Los países en que la democracia como forma de vida llevada a su organización política constituye una tradición, poseen como elemento arraigado en sus constituciones el respeto a las minorías religiosas (aunque puede no existir la misma consideración hacia otras minorías, entre ellas, étnicas y sexuales). Ello trae consigo no sólo el respeto de la mayoría hacia las mismas, sino, funda­mental, el respeto de esas colectividades hacia su interior. El saberse respetado, protegido por las leyes, amparado por los más altos estrados de la justicia, promueve en la persona y su comunidad de origen una valorización creciente de sus potenciales y la seguridad que otorga confiar en el sistema. Aun cuando puedan cometerse errores o desviaciones malintencionadas, la red de instancias que asisten al ciudadano es tal que ellos pueden subsanar­se manteniendo incólume los principios consagrados.

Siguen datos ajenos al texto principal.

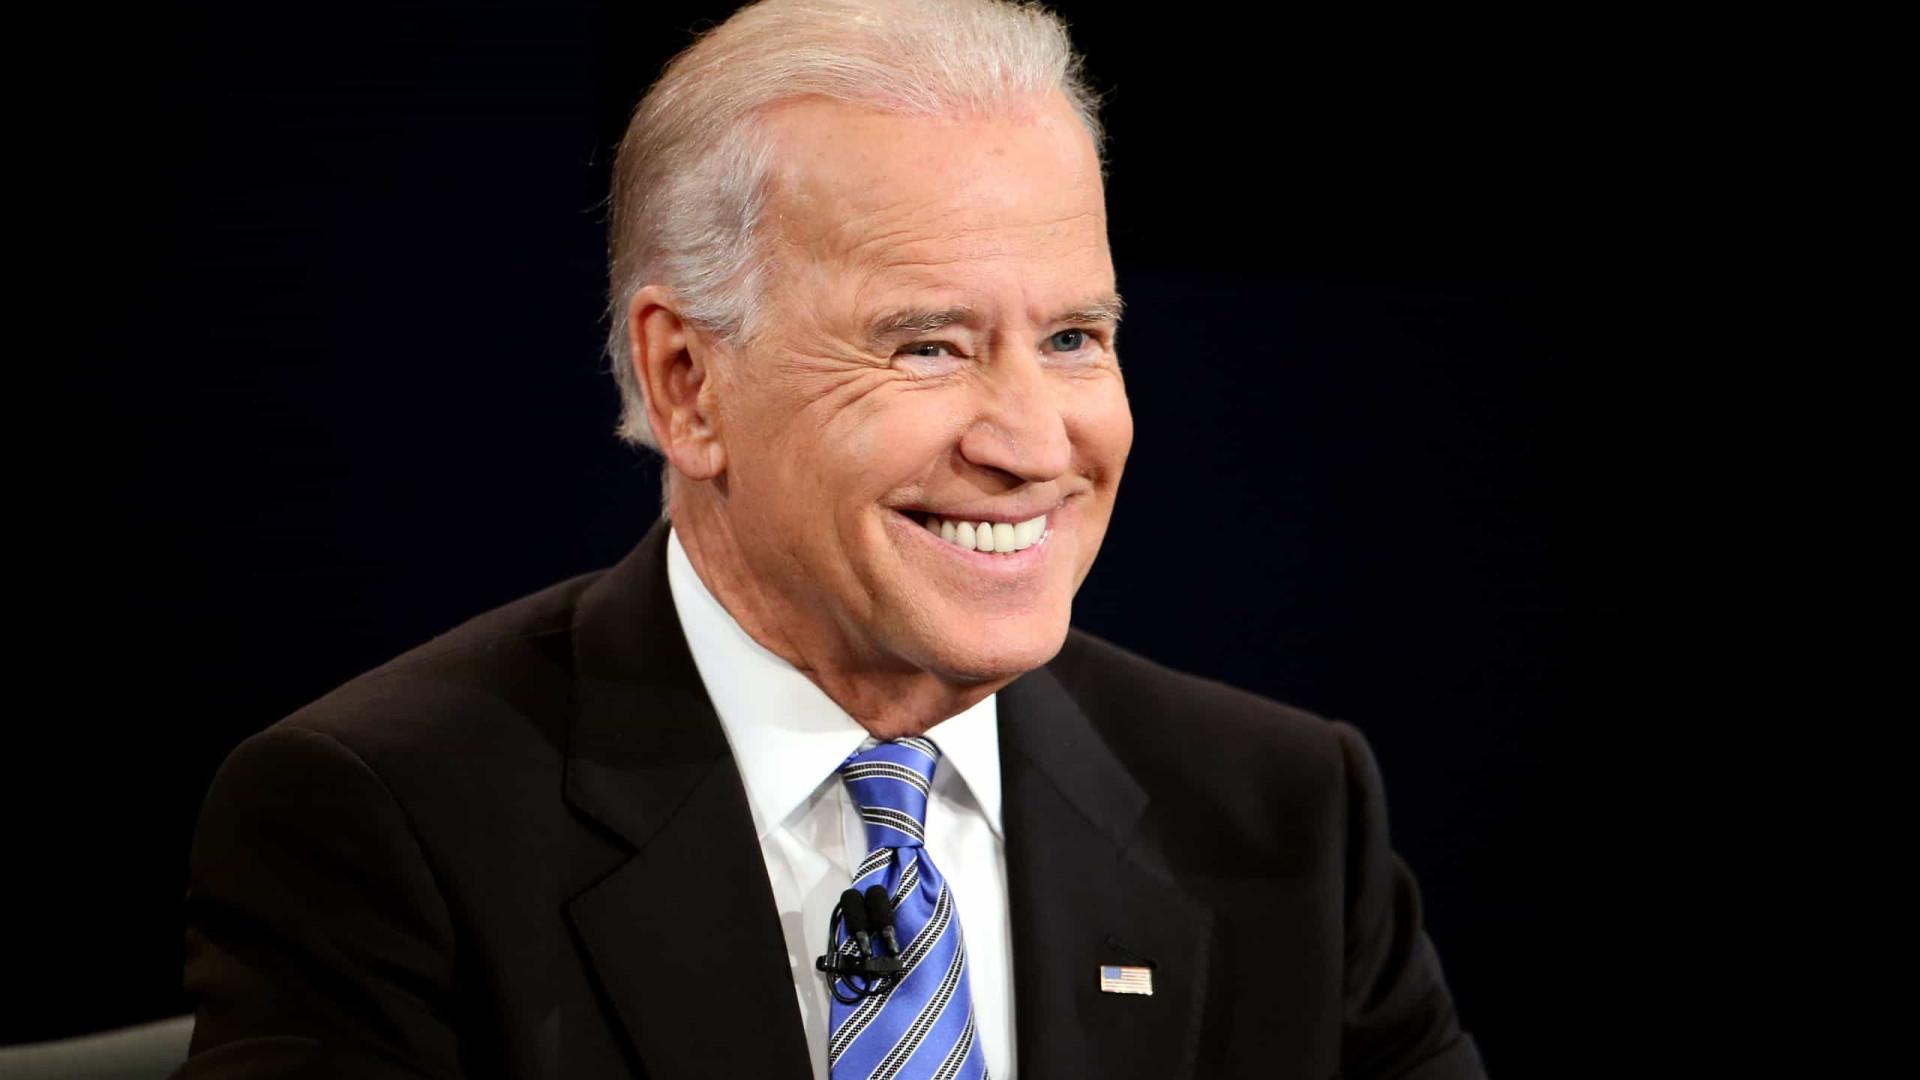 Futura equipa de Biden maioritariamente composta por mulheres e minorias
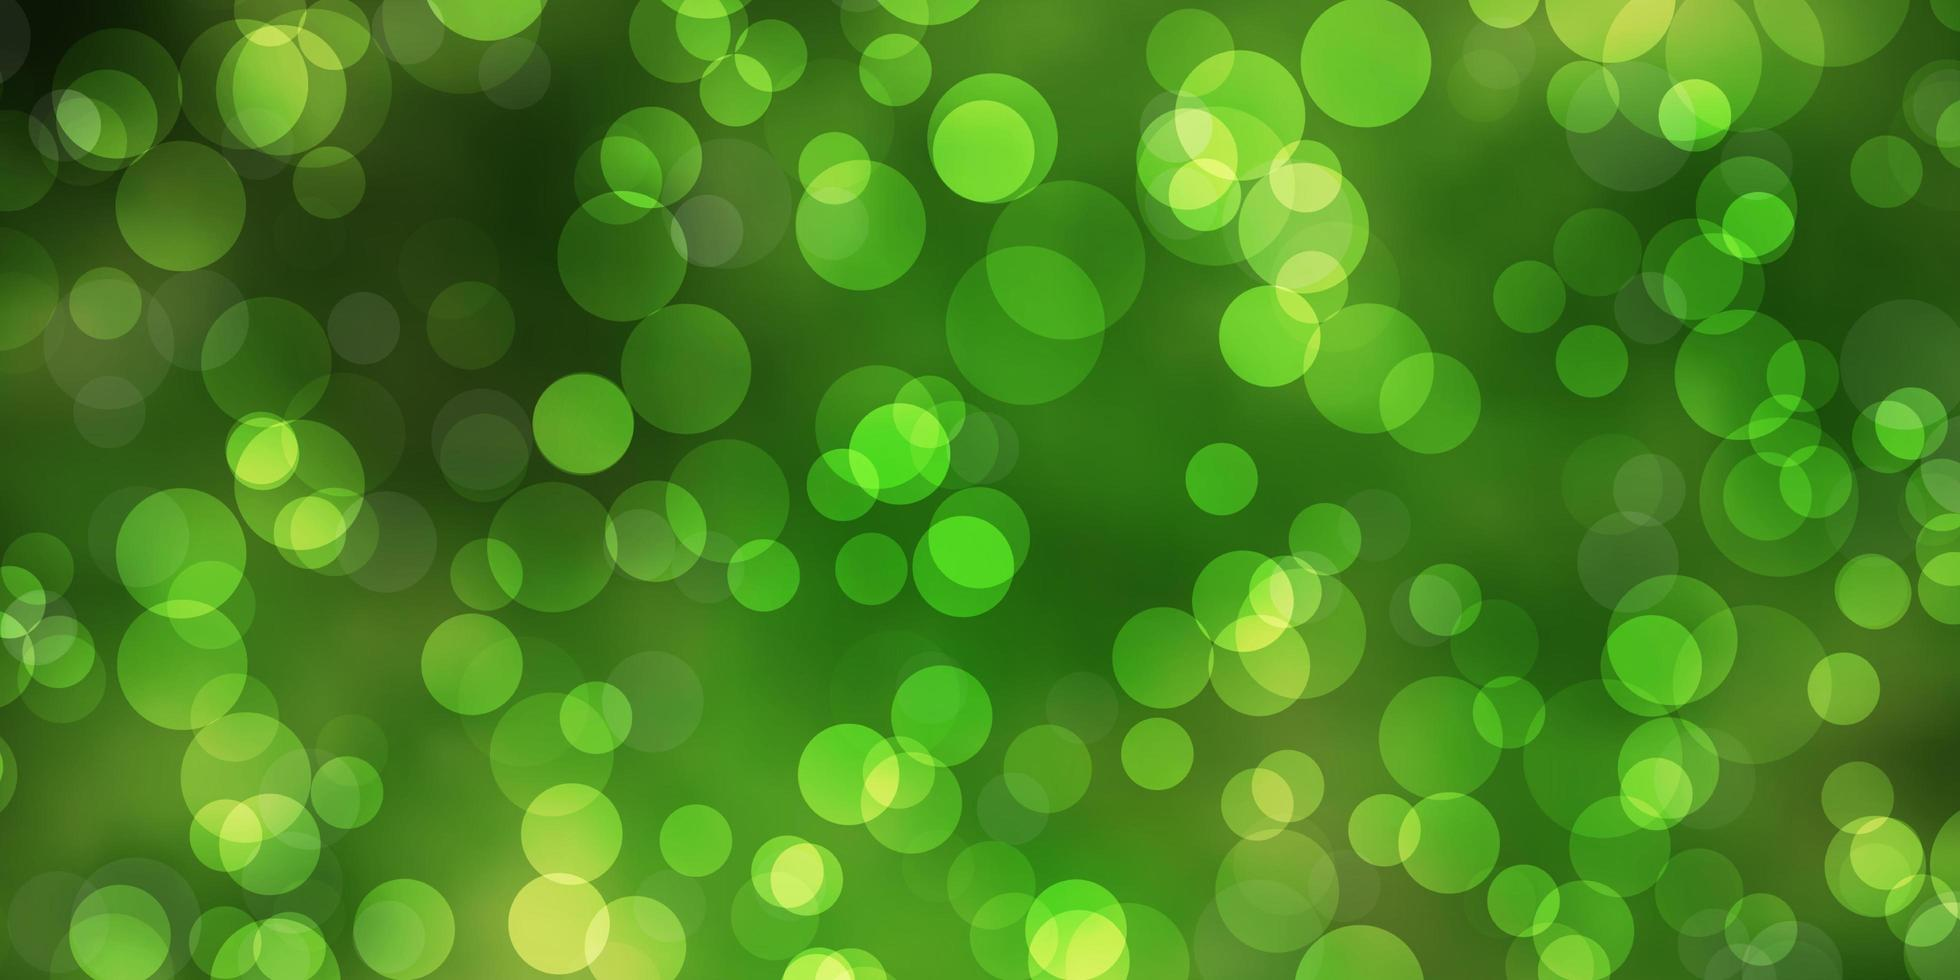 grünes Layout mit Kreisformen. vektor

En cambio, aquellos países en los que los valores democráticos no se encuen­tran arraigados, ya sea por ausencia de vocación de sus líderes, desinterés de sus habitantes, entregados a la ilusión demagógica de dirigentes carismáticos u obligados a una permanente discusión por temas sociales y económicos, que diluyen de sus horizontes otras perspectivas que hacen al fondo de una nación, o continuas interrup­ciones del orden constitucional ocasionando la anula­ción de proyectos que sólo a largo plazo pueden madurar y hacerse efectivos, las comunidades extrañas al tronco común mayoritario no tienen otra alternativa que procurarse a sí mismas el espacio en el cual desarrollarse y prosperar, material como espiritualmente, cuidando de no molestar al administrador de turno.
Ante la ausencia de un marco legal que proteja los derechos de esas colectivi­dades a diferenciarse precisamente de ese tronco común mayoritario, la tierra de nadie que supone esa carencia se manifiesta en la falta de respeto que debe existir hacia ellas, y como dije más arriba, se traduce en la dilución del propio respeto, que muchas veces se paga con el desvanecimiento de la identi­dad, la renuncia a valores esenciales y echando al olvido el cuerpo de doctrinas, tradiciones e instrucción que operan como referencias de esa comunidad. La mayoría de las veces este proceso no es voluntario. Se expresa como un lento deslizamiento por acomodamiento a una realidad que se hace cada vez más opresiva. Obra en el inconsciente y cuando la persona, tanto como su comunidad, advierten los nefastos resultados suele ser muy tarde. La asimila­ción se ha cumplido.
Este puede ser uno de los posibles desarrollos de los que he hablado al principio de este ensayo. La evolución desde un centro hacia una periferia, ­desde un judaísmo pleno hasta una pérdida total de sentido judaico. Y, por supuesto, una significación nula.
Sin embargo, la disolución de la identidad judía puede sobrevenir por causas más sutiles, mucho más elaboradas que la ausencia de un marco legal que regule el respeto entre mayorías y minorías. Hacia allí nos embarcamos.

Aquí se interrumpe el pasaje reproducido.